═════ DATASET EXTRACT ═════

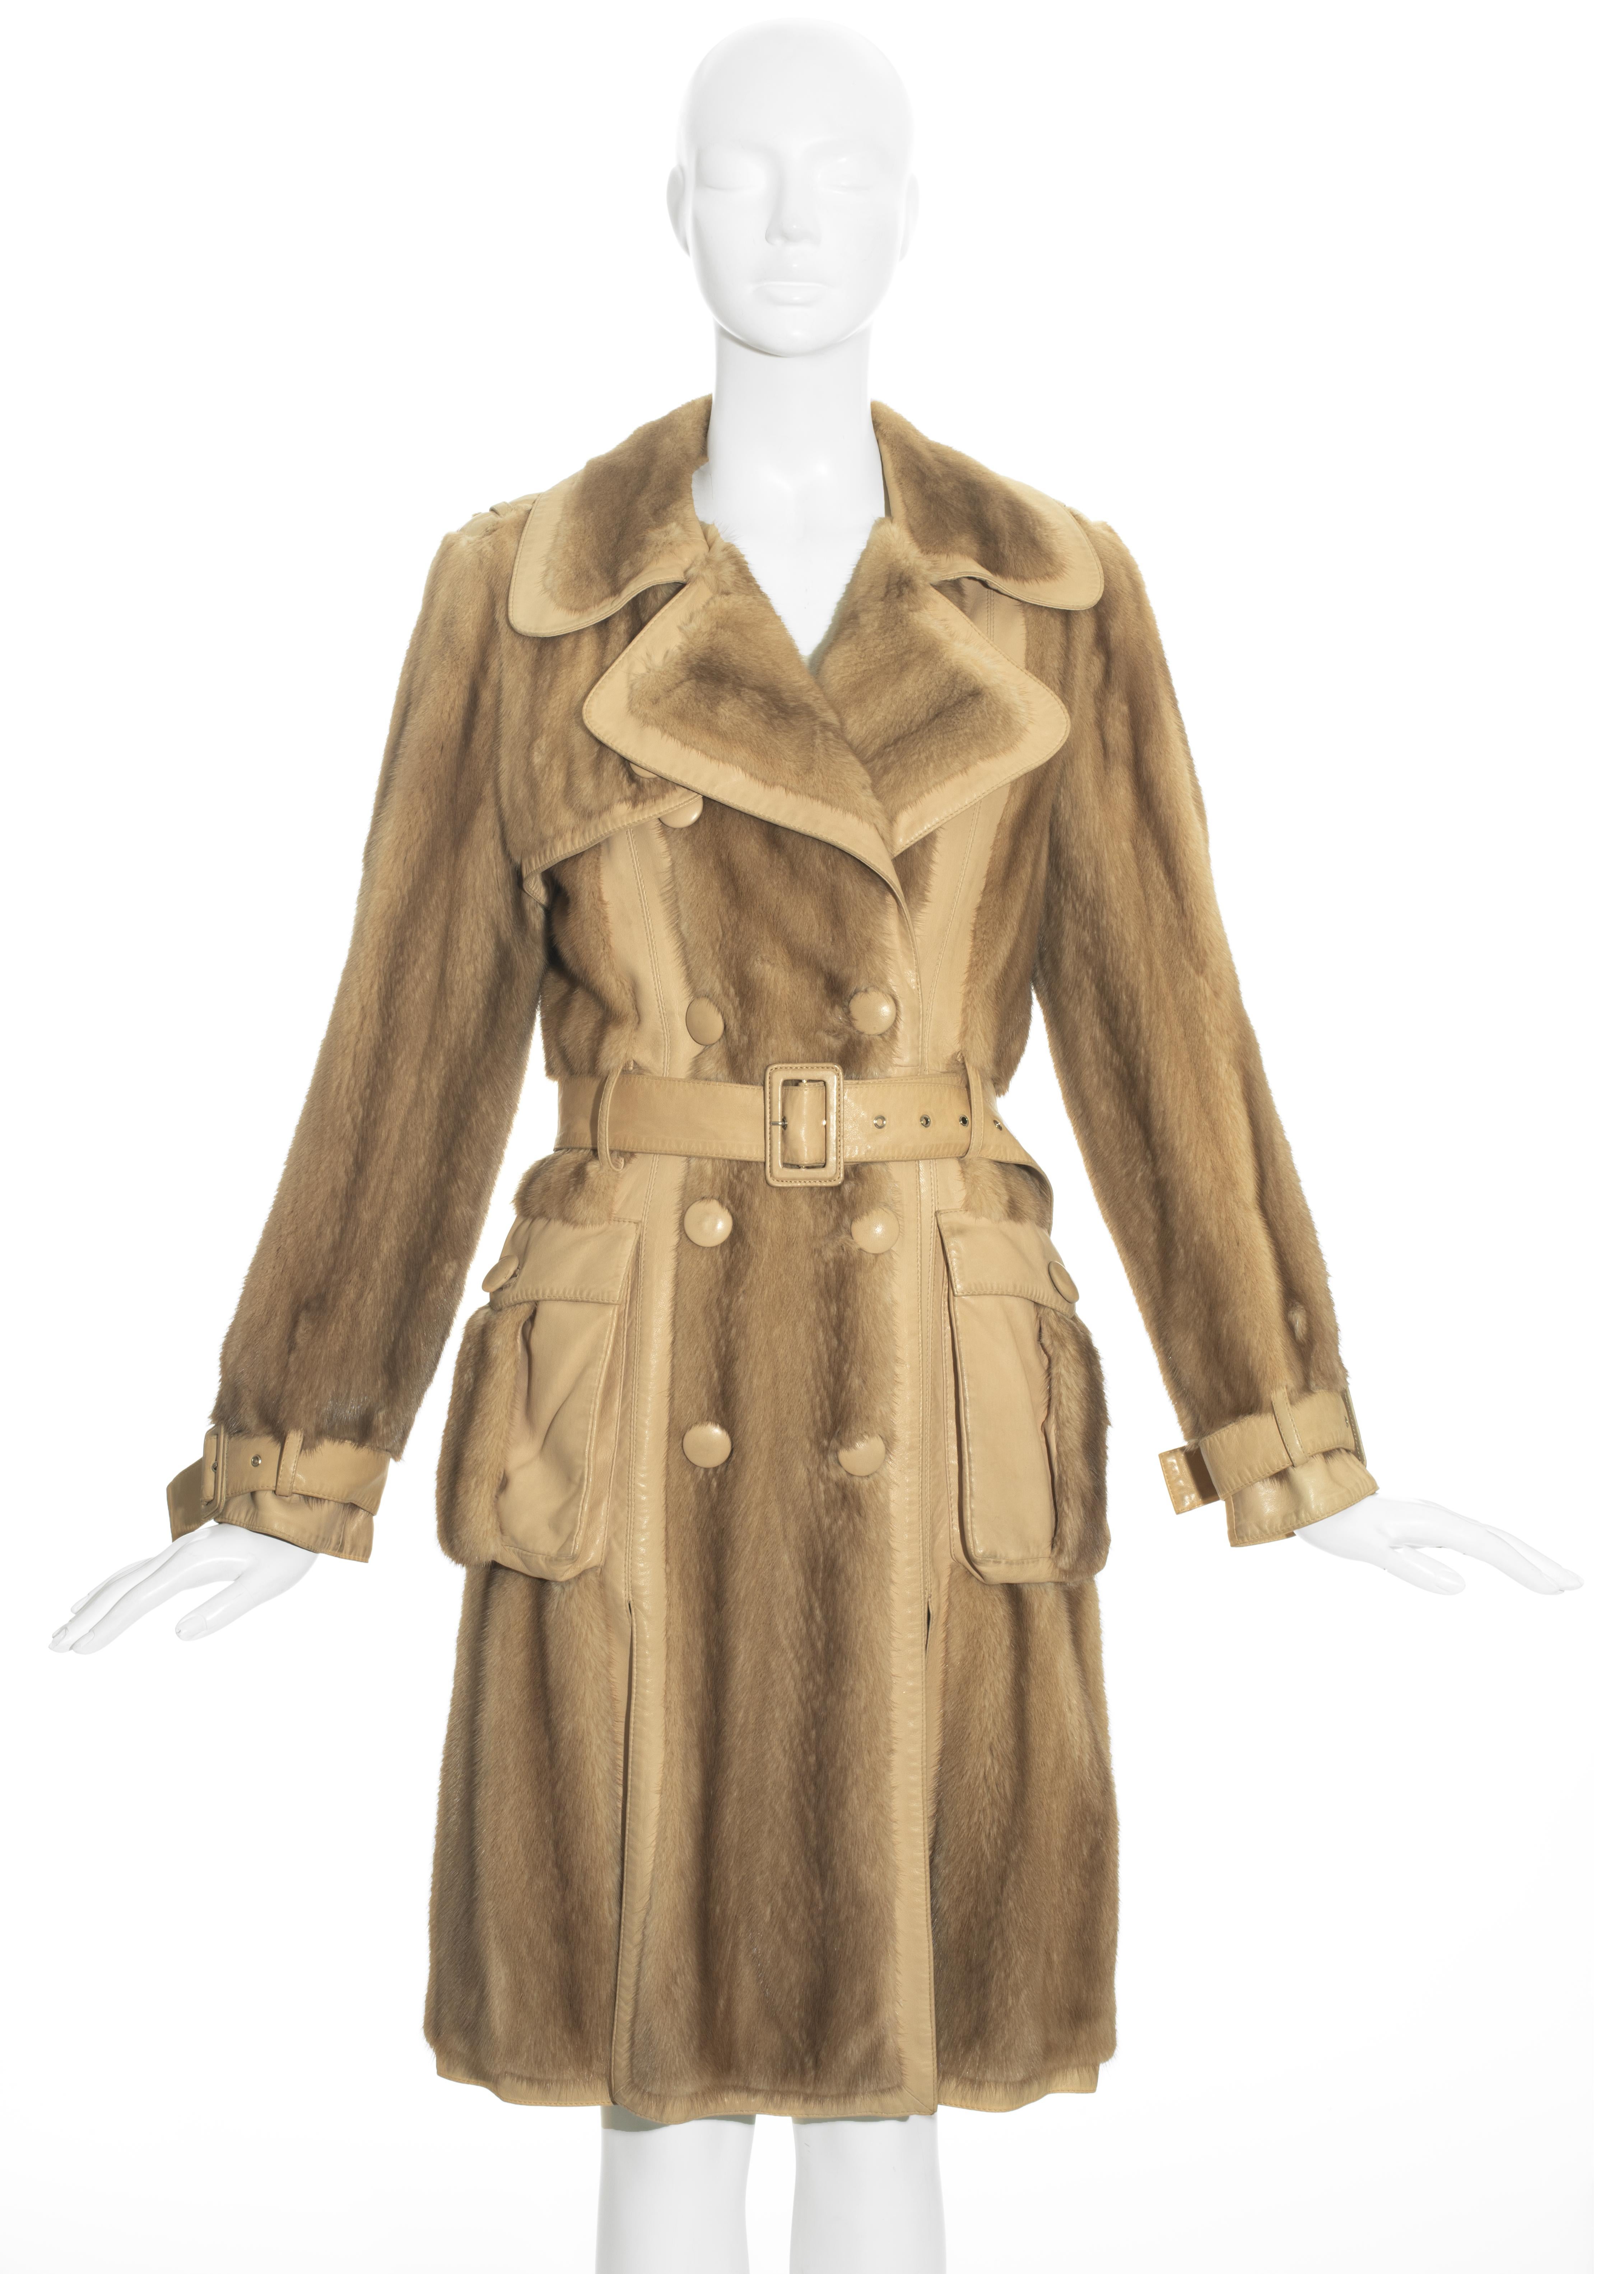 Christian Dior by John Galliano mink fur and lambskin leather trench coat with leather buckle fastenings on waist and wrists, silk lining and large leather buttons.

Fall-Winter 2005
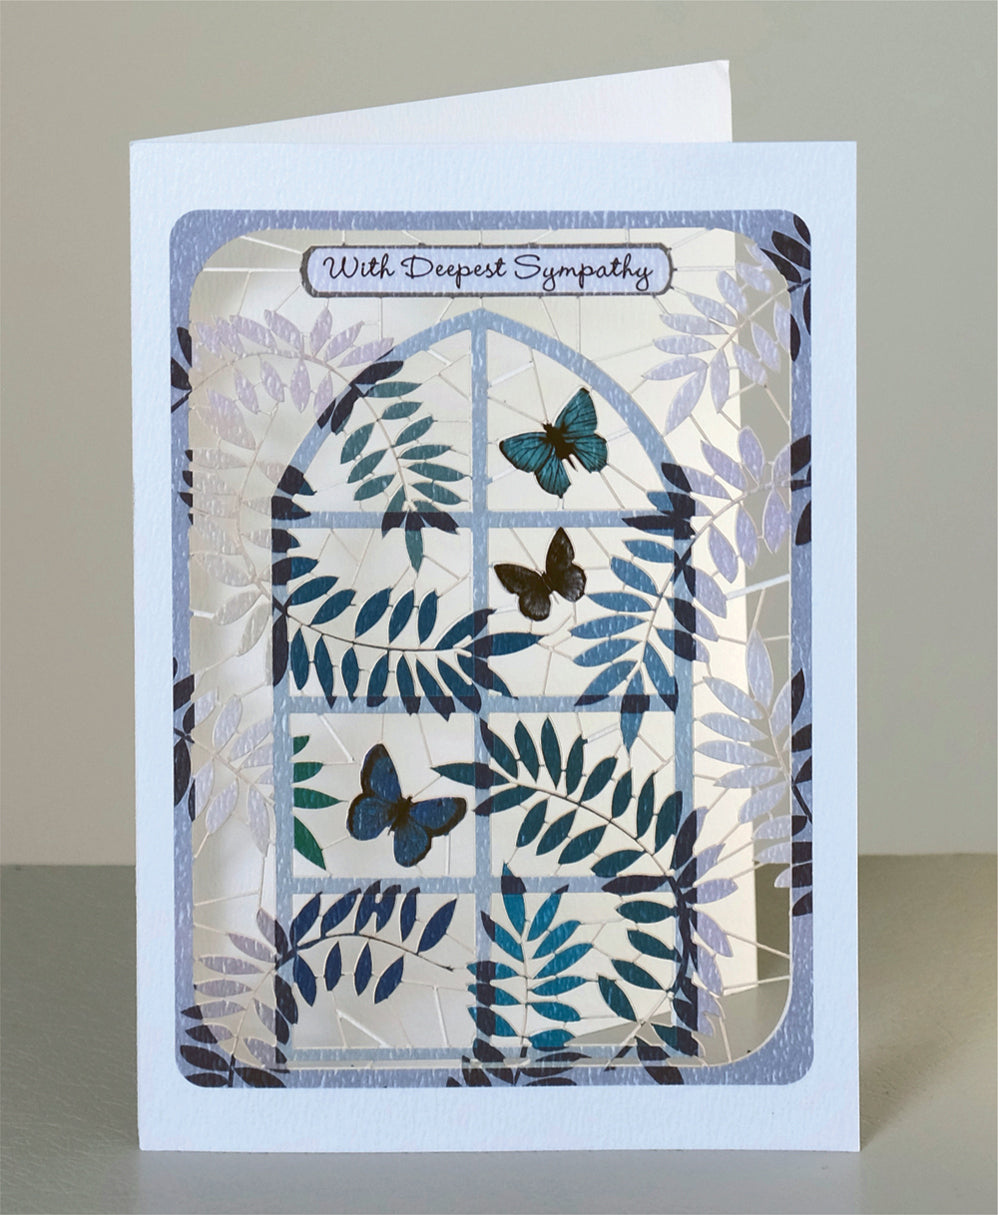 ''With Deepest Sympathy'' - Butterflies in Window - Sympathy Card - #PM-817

═════

## WORK TASK
Return the whole listing word for word, minus its pictures.

## WRITTEN SOLUTION
 Christian Dior by John Galliano mink fur and lambskin leather trench coat with leather buckle fastenings on waist and wrists, silk lining and large leather buttons.

Fall-Winter 2005
 ''With Deepest Sympathy'' - Butterflies in Window - Sympathy Card - #PM-817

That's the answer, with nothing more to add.